Today’s weather brings us snow squalls, dancing high winds, and a promise of more snowfall. We’ve been out to gather pine cones and break up small fallen branches for kindling. There’s snow cover over most of the ground, but under the large white pines, there’s some bare ground still. This afternoon will bring another snowstorm. The snow behind has many deer and fox tracks. The stream has icicles built up along the edges where branches overhang. The water is very high and moving quickly for this time of year. I was able to get in a little bit of sledding. I hope you are comfortable and warm wherever you are.
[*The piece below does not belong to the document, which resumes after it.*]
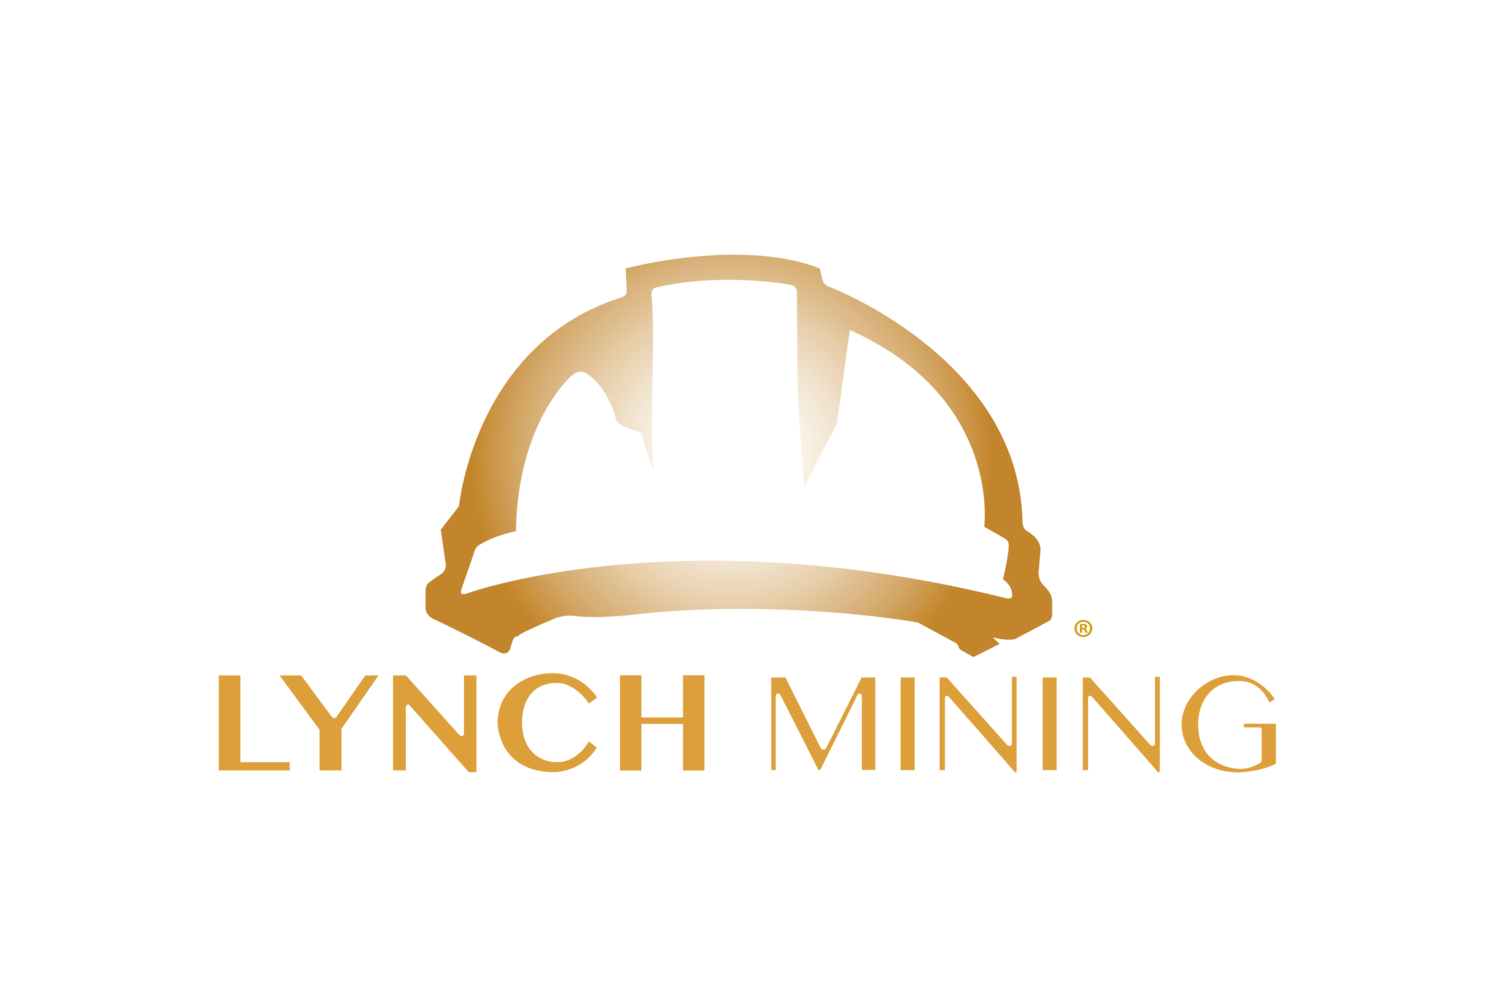 Lynch Mining, LLC®

Online Zoom Book Launch on Sunday, noon, Eastern time. I’ll be reading with others for the launch of this new anthology on Sunday. This is the link. For information, to sign up to attend, and  to purchase the book, : https://www.nature-culture.net/migrations-book-launchand a link that will persist after the event: https://www.nature-culture.net/migrations-and-home

Night Sounds

I’ve gotten used to the sounds
deep in a winter night,
the loud crack of ice from the brook,
a sharp ping of the wood stove
reaching some new temperature,
muffled tumbles of a smoldering log,
the creak of floorboards
as if someone walked quietly

Downstairs the refrigerator motor hums,
the water heater readjusts.
What is shifting inside this house with me,
I wonder content, then roll back to sleep.
The snow loosens its grip on the roof
slides with a grand whoosh,
louder than any wild animal outside.